2.7 ROC diagnostic model construction

Prognostic nomogram models effectively integrate multiple metrics to predict disease onset and progression. From machine learning models, four key genes were identified, and a prognostic nomogram model was constructed based on these genes. “Rms” and “Rmda” package were used to assess disease risk based on these genes. The model’s performance was evaluated with ROC analysis via package. The diagnostic accuracy of these genes was confirmed in both internal and external datasets.

2.8 UMAP plot for cell clustering

Single-cell transcriptomes from the GSE214695 dataset were processed using Seurat v4.0. After rigorous quality control (mitochondrial gene percentage <20%, nFeature >500), the data were normalized via SCTransform and subjected to UMAP clustering (resolution = 0.8). Cell types were annotated based on marker genes from the CellMarker database. Additionally, six algorithms (AUCell, UCell, singscore, ssGSEA, JASMINE, and viper) from the “irGSEA” package were used to score gene sets in the scRNA-seq datasets [13].

2.9 Trajectory analysis

To explore the differentiation trajectories within the macrophage cell type, the cytoTRACE algorithm was employed alongside Monocle R (2.24.0) and Slingshot (2.6.0) software tools. Utilizing the DDRTree algorithm, trajectories were reconstructed and cell lineages were inferred through minimum spanning trees (MSTs) to monitor the developmental progression along the identified paths.

2.10 Cell communication

The CellChat R package was used to analyze gene expression data and explore variations in potential cell-cell communication networks. Employing the conventional CellChat pipeline, the default CellChatDB was relied on for ligand-receptor interactions. By identifying overexpressed ligands or receptors within specific cell groups, cell type-specific interactions were inferred.

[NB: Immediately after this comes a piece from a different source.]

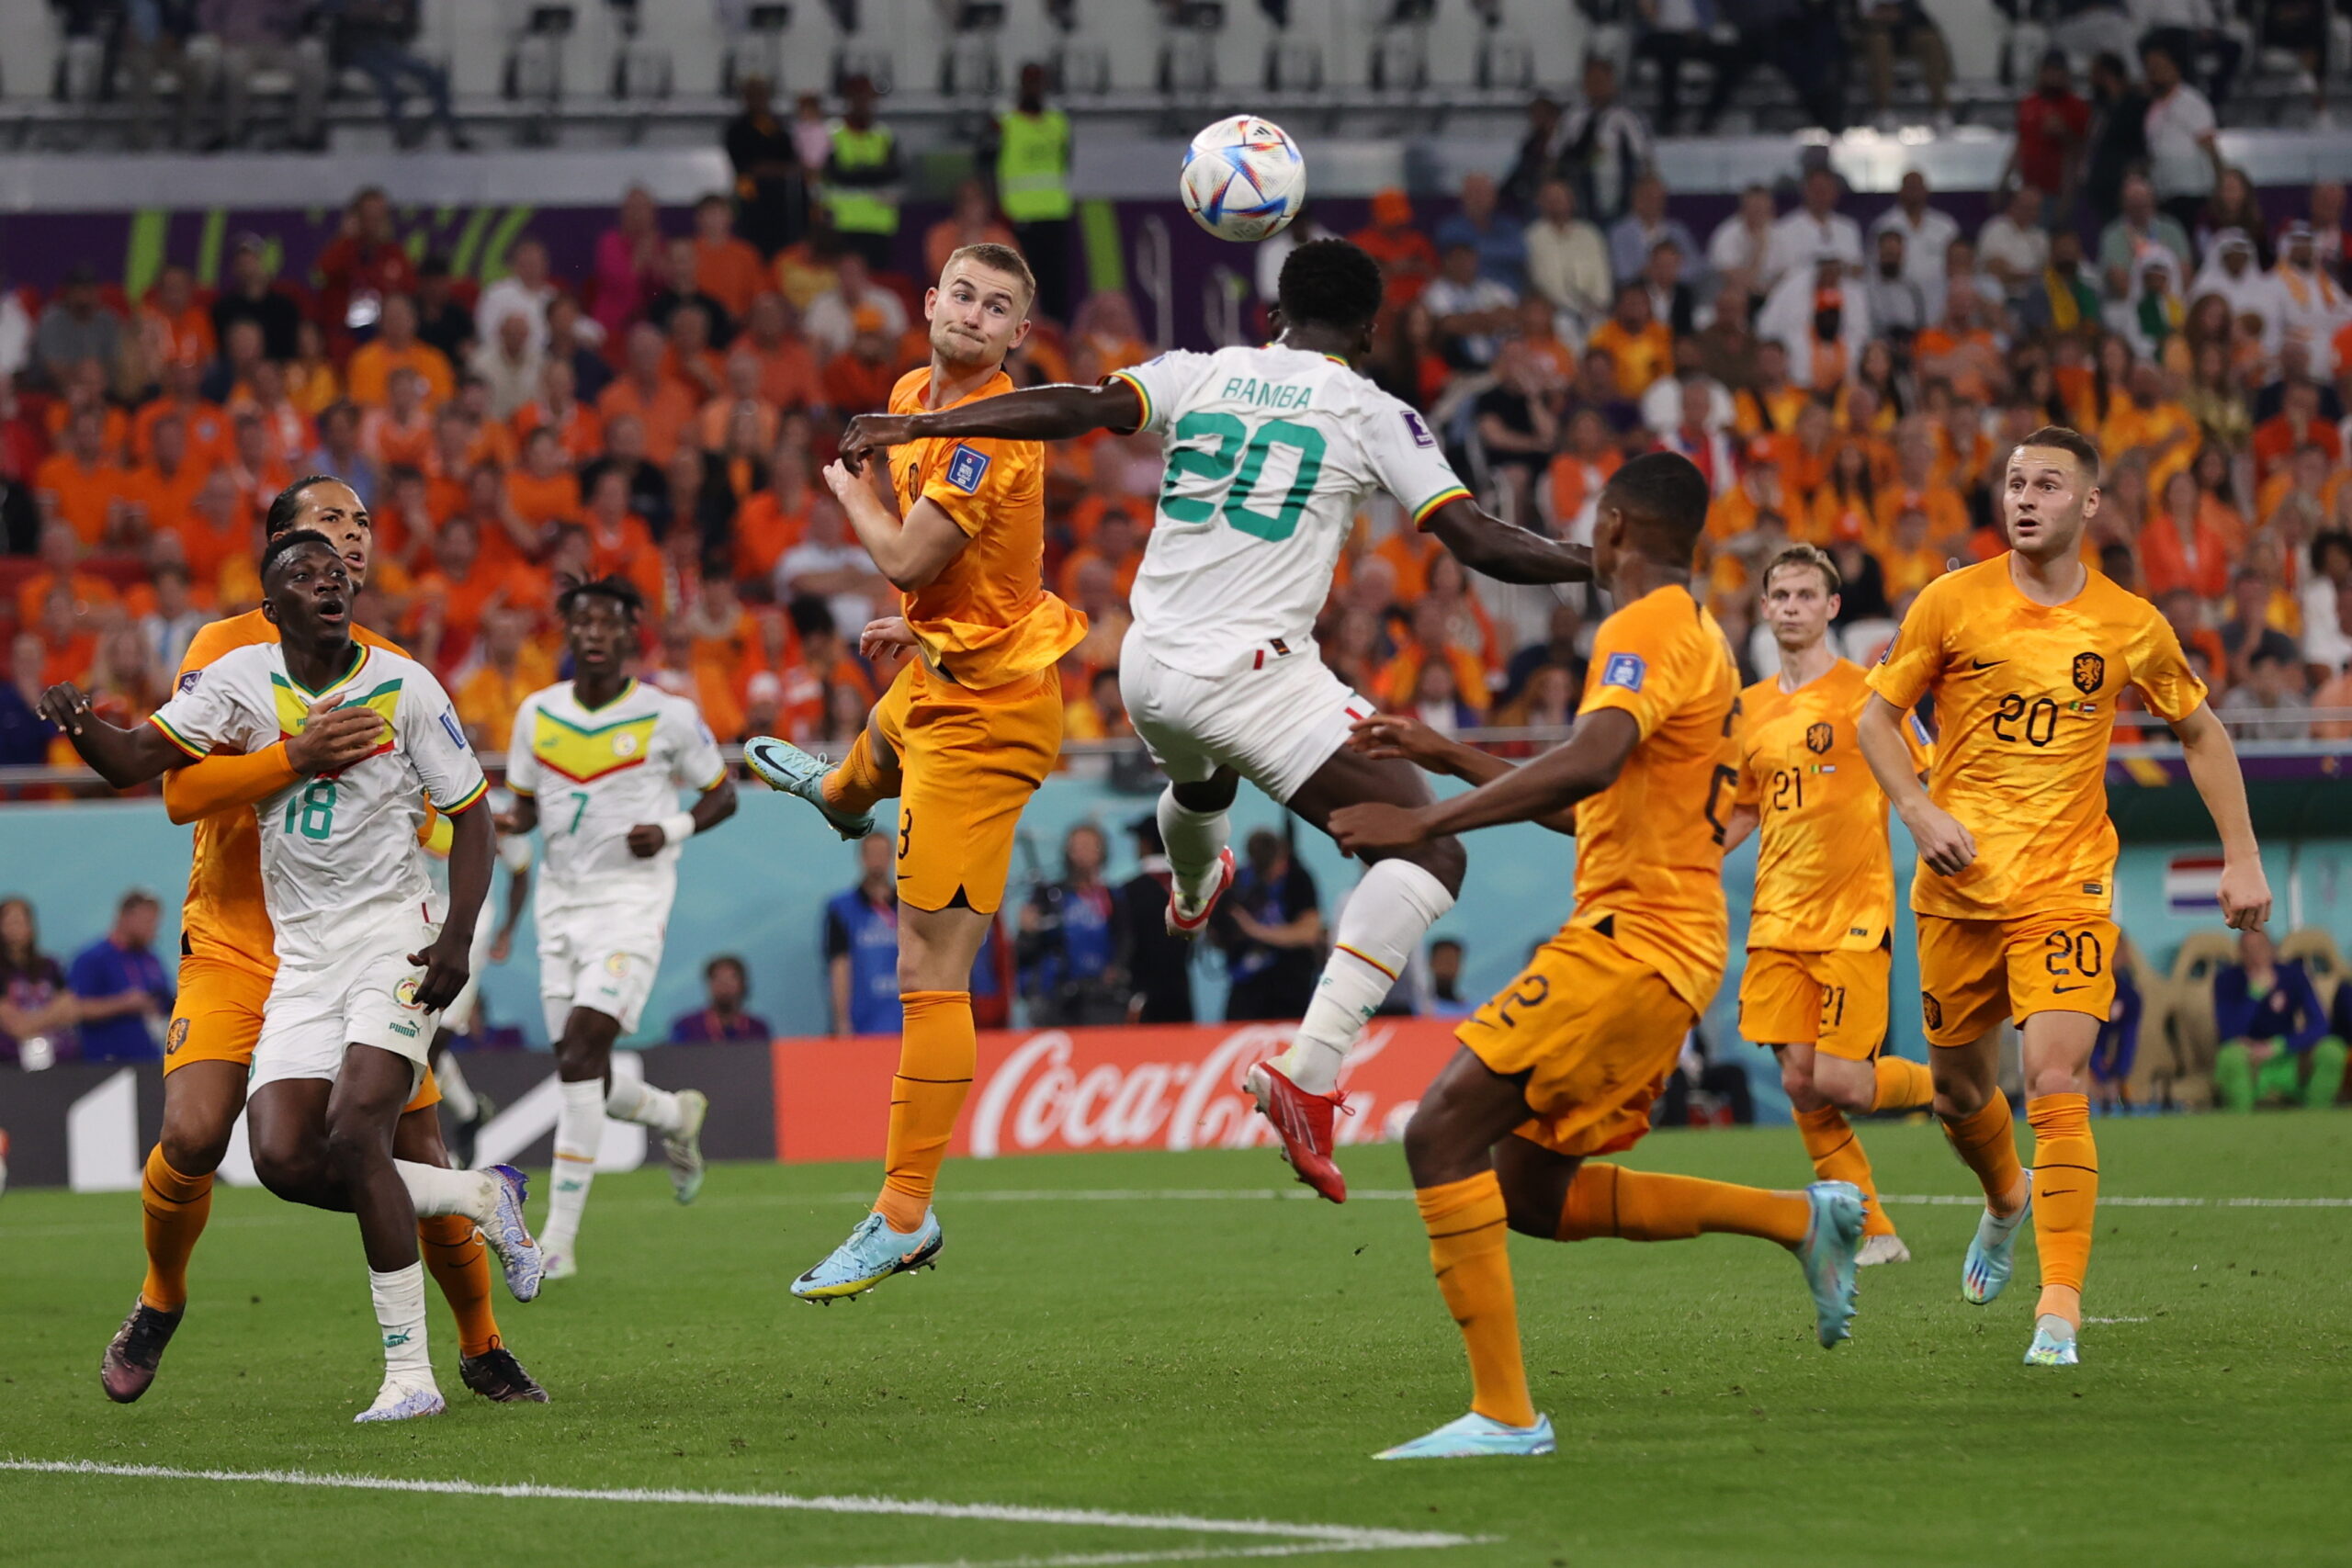 Σενεγάλη - Ολλανδία 0-2: Ο ασταμάτητος Χάκπο κι ο Κλάασεν λύτρωσαν τους Οράνιε στο τέλος

2.11 Construction of cell line model and real-time quantitative PCR analysis

To validate bioinformatics analysis results and explore their potential roles in the pathological processes of RA and UC, the study selected four key genes (IDO1, NPY1R, DUOX2, SELL) for qRT-PCR validation. The MH7A, Caco2, and RAW264.7 cell lines were cultured in DMEM medium (G4511; Servicebio, China) containing 10% fetal bovine serum (FBS, Servicebio, China). To establish an in vitro RA model, MH7A cells were stimulated with 5 μg/mL lipopolysaccharide (LPS, GC205009, Servicebio, China) for 24 hours, and then collected for analysis. To simulate inflammation-related macrophages in colitis, Caco2 cells were pretreated with 20 μg/mL LPS for 24 hours, and then co-cultured with RAW264.7 macrophages for 24 hours using Transwell® inserts (WG3415, Servicebio, China; pore size 3 μm), with Caco2 cells in the upper chamber and RAW264.7 cells in the lower chamber to mimic the interaction between intestinal epithelium and macrophages. After co-culturing, cells were collected for analysis. Total RNA was extracted from the samples using a total RNA extraction kit (Servicebio, China). One microgram of total RNA was reverse transcribed into cDNA using the SweScript All-in-One RT SuperMix for qPCR (One-Step gDNA Remover) (Servicebio, China). DNA amplification and detection were performed using the 2 × Universal Blue SYBR Green qPCR Master Mix (Servicebio, China) on the StepOnePlus™ real-time PCR system (Thermo Fisher Scientific). The data were analyzed using the 2^(-ΔΔCT) method, the data were normalized using GAPDH as the internal reference gene and all experiments were repeated independently three times (specific primers are listed in S2 Table). The experiment was conducted under conditions that comply with biosafety regulations.

2.12 Statistical analysis

Data preprocessing and visualization were performed using R languages. The statistical differences between two groups were evaluated using the Wilcoxon rank-sum test and Student’s t-test, while differences between multiple groups were tested using the ANOVA method. A multiple correction was applied, and a p-value of < 0.05 was considered statistically significant, with significance levels defined as * p < 0.05, **p < 0.01, and ***p < 0.001.

3. Results

3.1 Data processing

PCA showed the successful integration of transcriptomic datasets. For RA, this yielded a processed cohort consisting of 39 RA cases and 27 control samples (Fig 1A, 1B). Similarly, UC and control datasets were combined after batch correction, creating a normalized validation cohort of 113 UC cases and 63 controls (Fig 1C, 1D). These steps significantly reduced batch effects.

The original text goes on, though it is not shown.